About 75% of individuals use traditional medicine, which are resultant from medicinal plants
in a variety of developed countries [6]. Hence, the search of different phyto-components from
medicinal plants should be to recognize the properties and efficiency with possible treatment
against diseases [7]. The family Zingiberaceae has enormous number of medicinal plants and
is well known for use in ethnomedicine. The wisdom of Zingiberaceae members indicates
systematically analyzes compounds for the management and prevention of various human
ailments from India. The phytochemical assessments from the plants complete humans for
studies in biodiversity and its protection for future pharmacological studies [8]. A number of
medicinal plants have good sources with nutrient and non nutrient molecules, lots of which
have anti-fungal, anti-bacterial, anti-oxidant and anti-viral properties that can guard the
human system against cellular oxidation reactions and pathogens [9].

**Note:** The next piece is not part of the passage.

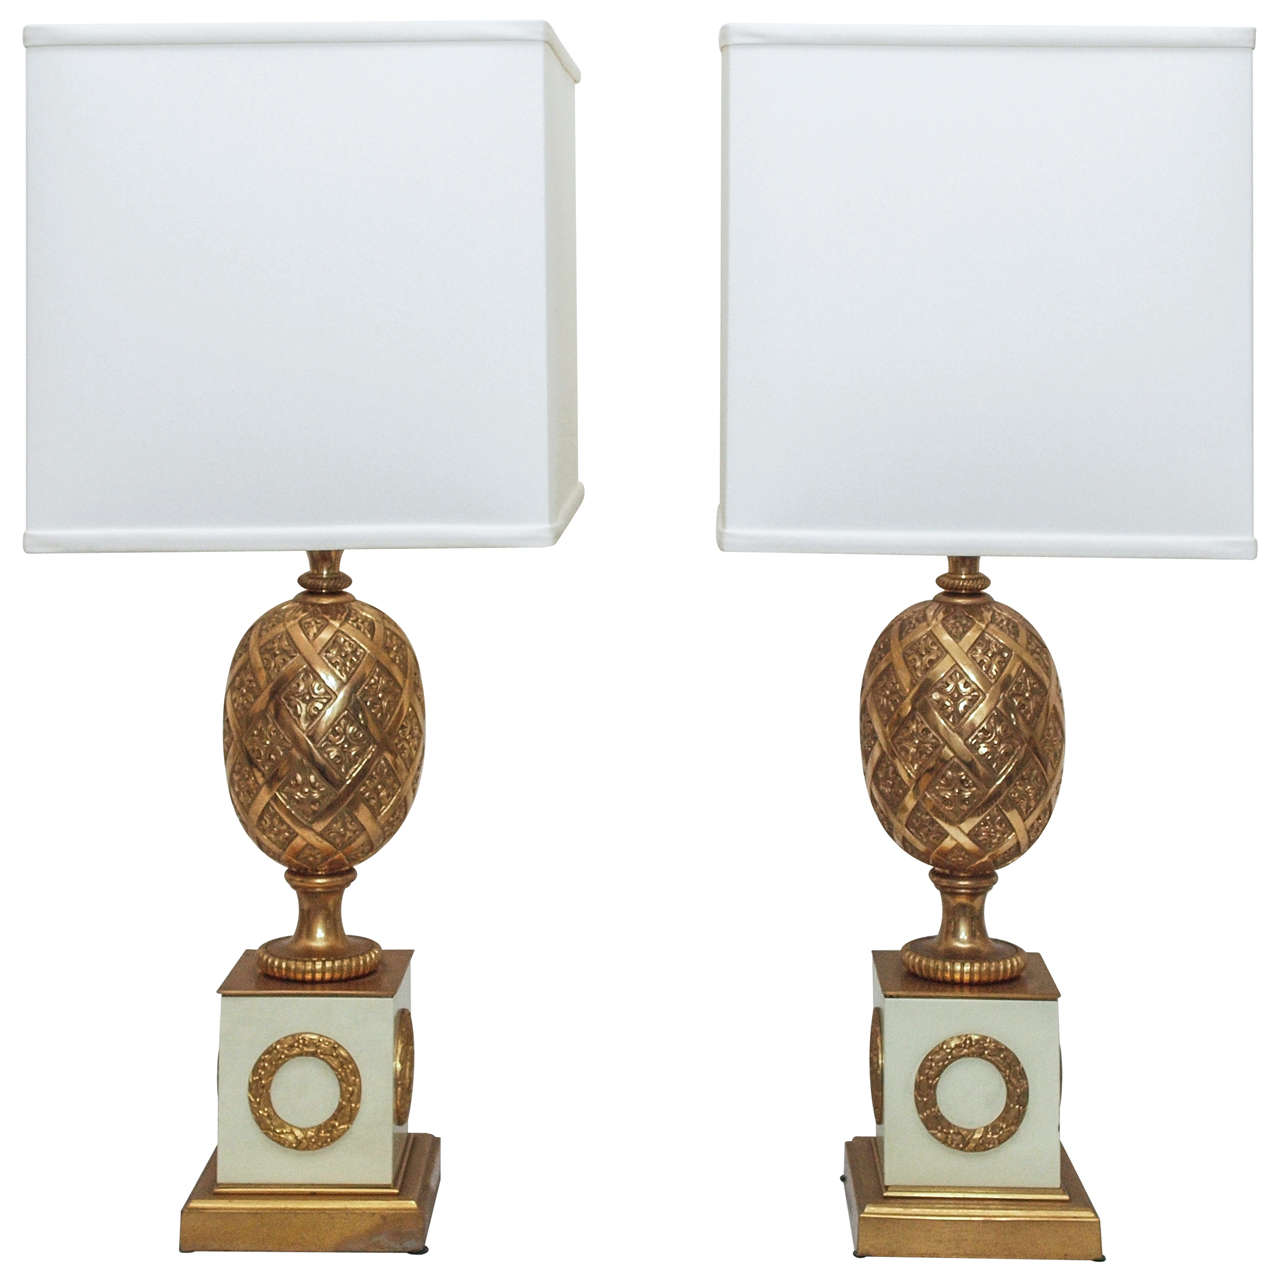 SATURDAY SALE Pair Neo-Classical Gilt Bronze Table Lamps

Essential oils have good anti-fungal, anti-viral, insecticidal, anti-bacterial and antioxidant
properties. Several oils are used in various skin disorders [10]. Essential oils are also having
industrial applications like fragrance, food preservation and aromatotherapy [11]. The
essential oils of aromatic plant extracts are rich sources of biologically vigorous compounds
which are enhanced interest in looking at anti-microbial properties [12]. So, it is sensible to
anticipate a diversity of plant compounds in these oils with the appropriate general antibiotic
potential and antimicrobial activity [13].
The severe infections caused by various disease causing microorganisms enhanced and an
important cause of morbidity and mortality patients in worldwide [14]. Nearly three quarters
of the population in developing countries used in their traditional medicinal system depends
upon plant based on measures and as the basic requirements for human primary health care
[15]. Hence, several medicinal plants need to be necessary possible antimicrobial activity
evaluation and to get admirable remedy for a microbial origin from a variety of ailments [16].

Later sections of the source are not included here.